Archegos founder Bill Hwang convicted on fraud charges

Sung Kook "Bill" Hwang, the founder of Archegos Capital Management, has been convicted of fraud by a Manhattan jury after the 2021 collapse of his firm.

Jul 11, 2024 - 07:44
Archegos founder Bill Hwang convicted on fraud charges

The collapse of Archegos led to the eventual demise of Credit Suisse.

Sung Kook “Bill” Hwang, the founder of Archegos Capital Management, has been convicted of fraud by a Manhattan jury after the 2021 collapse of his firm.

Hwang was accused of running a criminal conspiracy and committing securities and wire fraud, and was found guilty on 10 of 11 criminal counts with Patrick Halligan, his Archegos deputy and co-defendant, guilty on all three counts.

Wall Street lost billions in the fallout of the collapse of Archegos, with Credit Suisse taking serious losses that eventually led to its collapse and sale to UBS last year, later agreeing to pay almost $400m in fines for the firm’s relation to Archegos.

Hwang set up Archegos over a decade ago as a family office, but following the start of the coronavirus pandemic, ballooned in size from around $10bn to over $160bn thanks to strong investment performance and borrowing from banks.

In 2020, the firm returned 134 per cent and started 2021 by more than doubling, documents at the trial showed.
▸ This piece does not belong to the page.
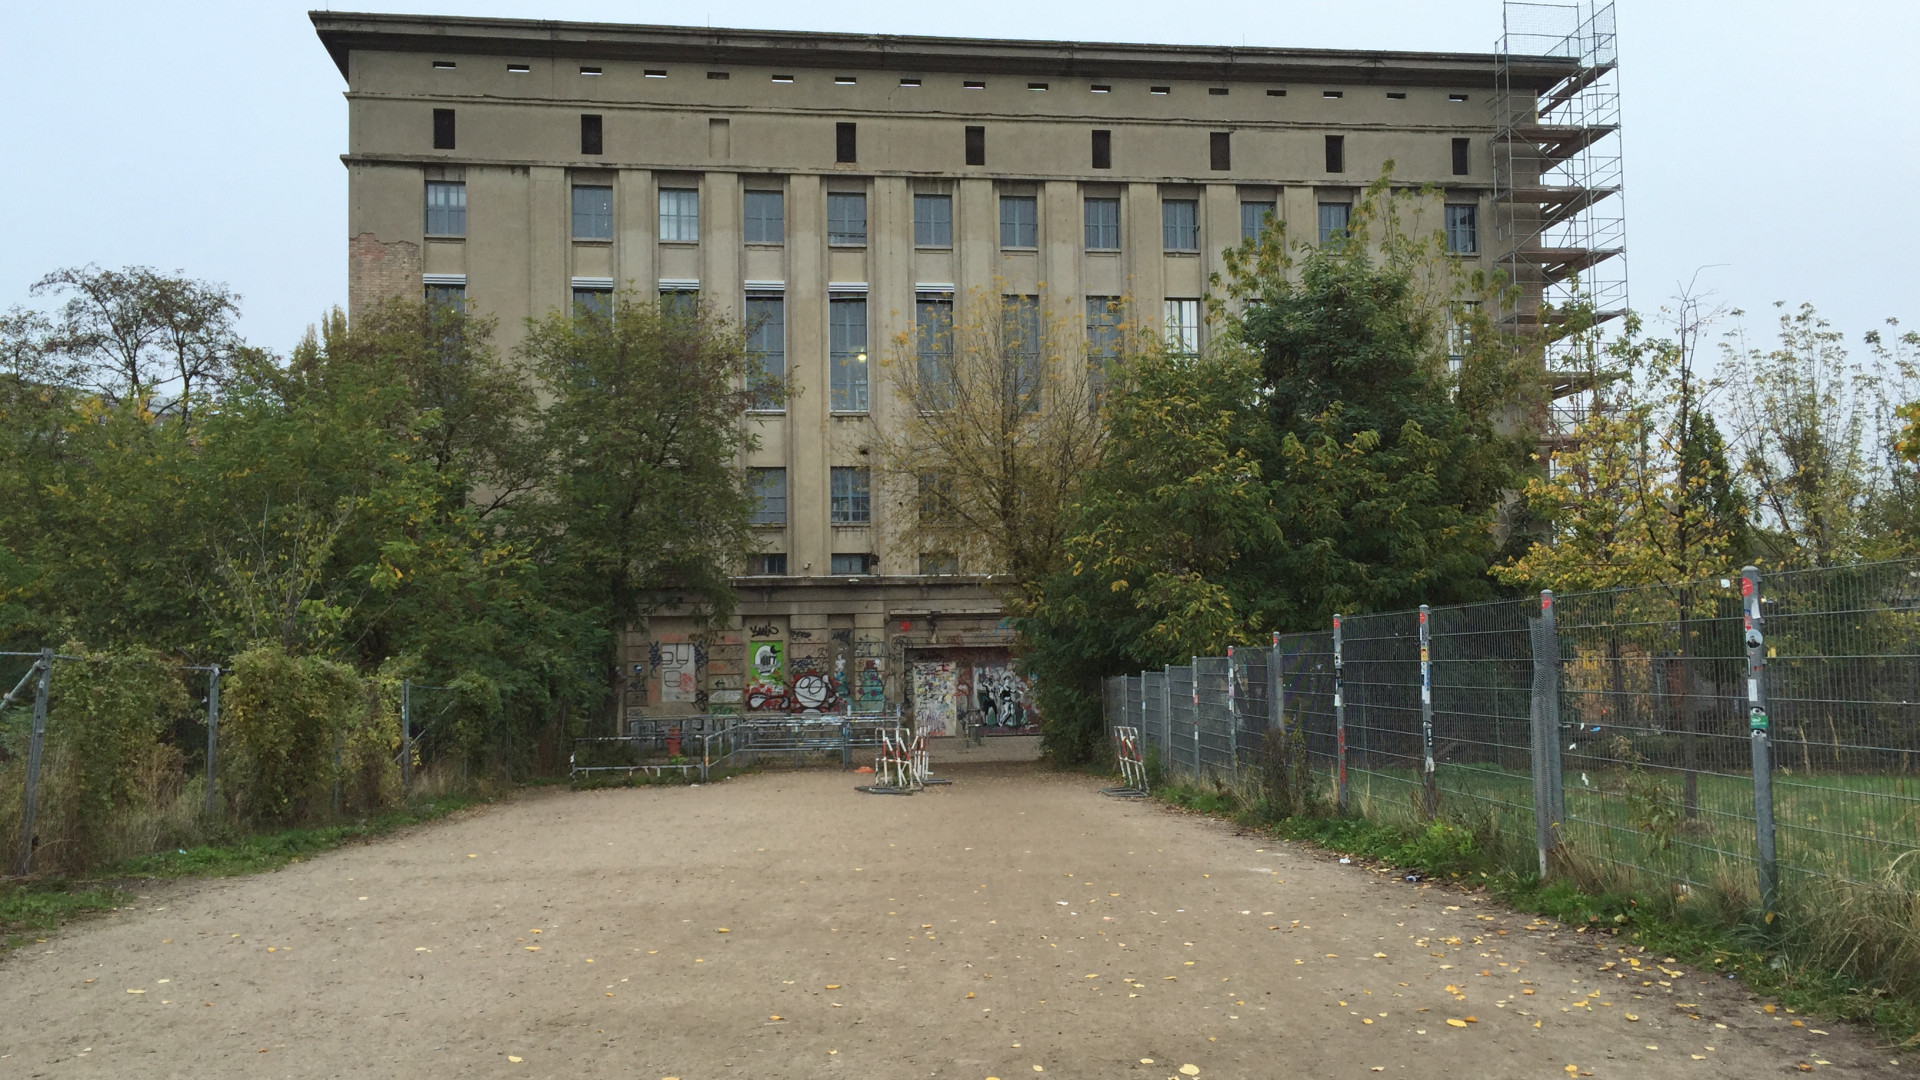 Exterior of Berghain club in Berlin

However, federal prosecutors claimed that Hwang had mislead banks in order to borrow billions which it used to drive up prices of a small number of stocks in Archegos’ portfolio, through the use of equity swaps that can conceal the purchaser’s identity.

Prosecutors said that Hwang had “lied about Archegos’s positions in these companies and just about every other materially important metric investment banks would use in determining the firm’s creditworthiness”.

“That’s what it meant to run Archegos,” added assistant US attorney Andrew Thomas. “Lying was part of the job.” 

Once banks realised that Hwang had concentrated its portfolio in just a handful of companies, they demanded Archegos put up more cash that it wasn’t able to pay, leading to its collapse.

Judge Alvin Hellerstein set the sentencing for the two men, who remain free on bail, for 28 October.